Mr. Updike has none of the attributes we conventionally associate with major literary talent. He does not have an interesting mind. He does not possess remarkable narrative gifts or a distinguished style. He does not create dynamic or colorful or deeply meaningful characters. He does not confront the reader with dramatic situations that bear the mark of an original or unique manner of seeing and responding to experience. He does not challenge the imagination or stimulate, shock, or educate it. In fact, one of the problems he poses for the critic is that he engages the imagination so little that one has real difficulty remembering his work long enough to think clearly about it. It has an annoying way of slipping out of the mind before one has had time to take hold of it, and of blending back into the commonplace and banal surfaces of reality, which are so monotonous a part of our daily awareness that the mind instinctively rejects them as not worth remembering.
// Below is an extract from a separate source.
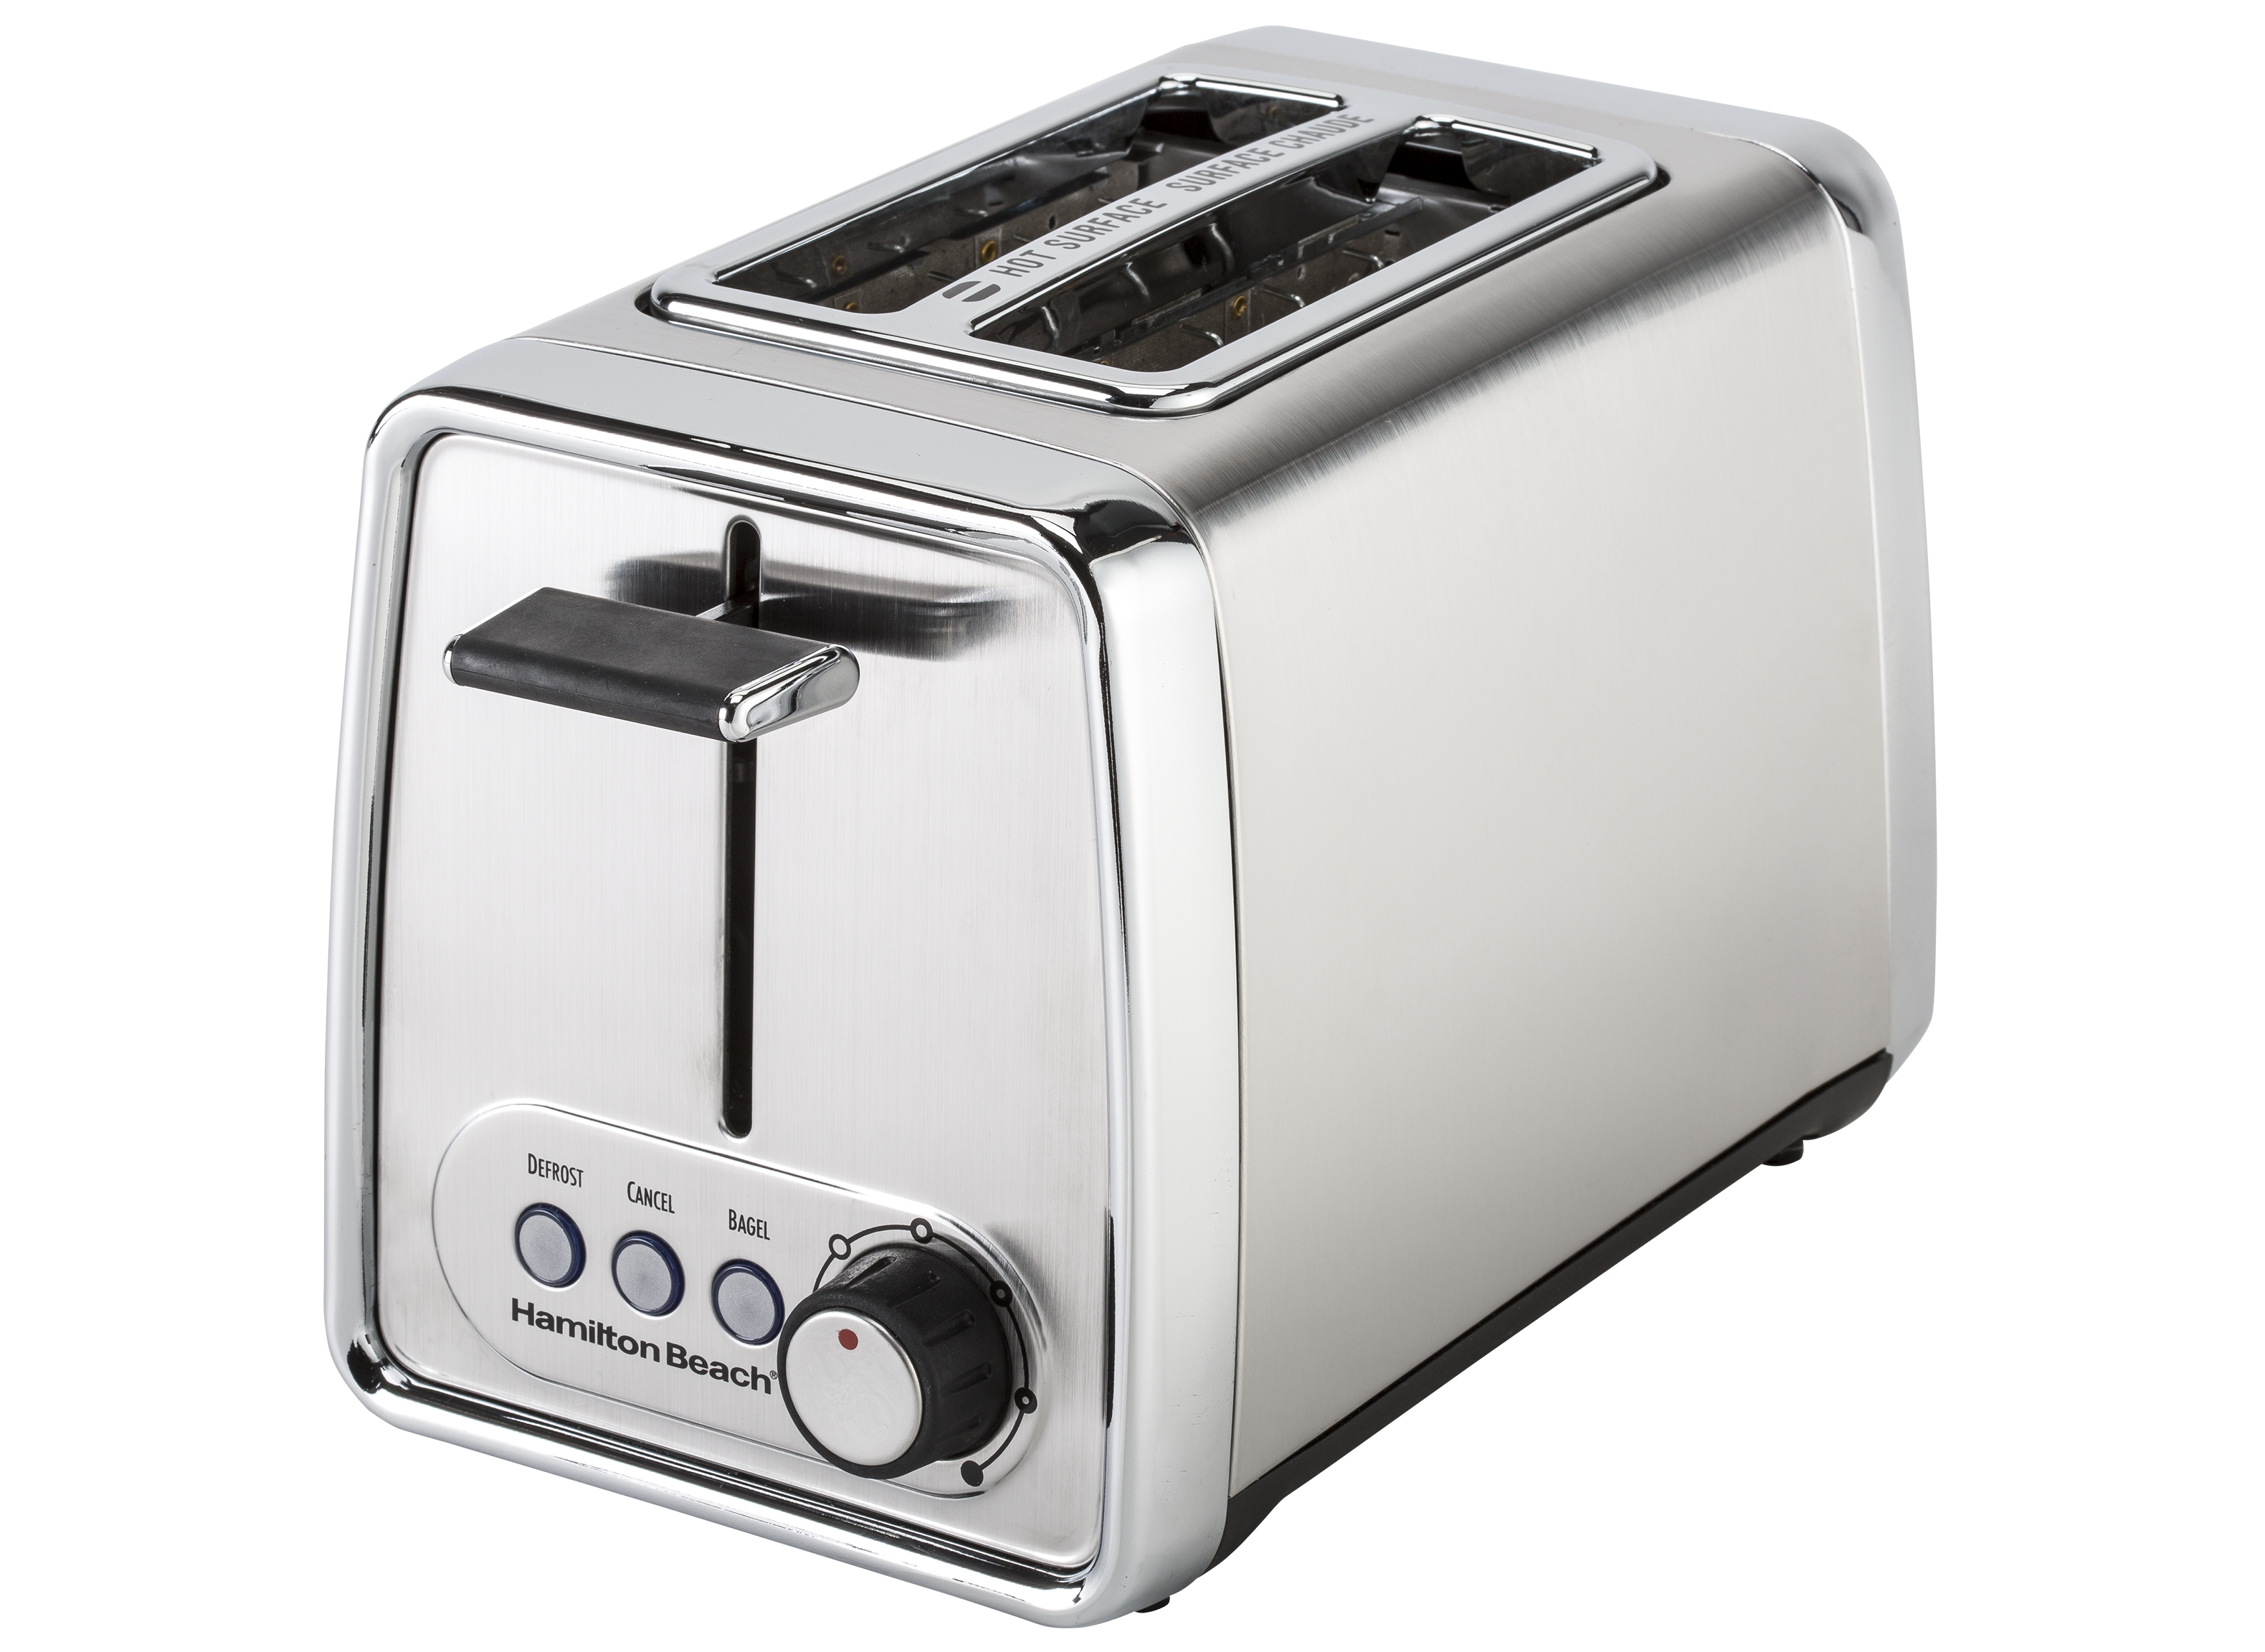 Hamilton Beach 2-in-1 Countertop Oven and 2-Slice Toaster 22723 Toaster & Toaster  Oven Review - Consumer Reports

Yet there can be no doubt that Mr. Updike does on occasion write well, although often with a kind of fussiness that makes one feel that the mere act of finding words that look attractive together on the page occupies entirely too much of his time and energy. There are, nonetheless, passages here and there in his novels of excellent description, mostly of landscapes…. There are also moments when Mr. Updike seems on the verge of becoming profound on the subject of the larger issues of life, love, death, and God. But then as a rule one senses that he does not, after all, know quite what he means to say and is hoping that sheer style will carry him over the difficulty….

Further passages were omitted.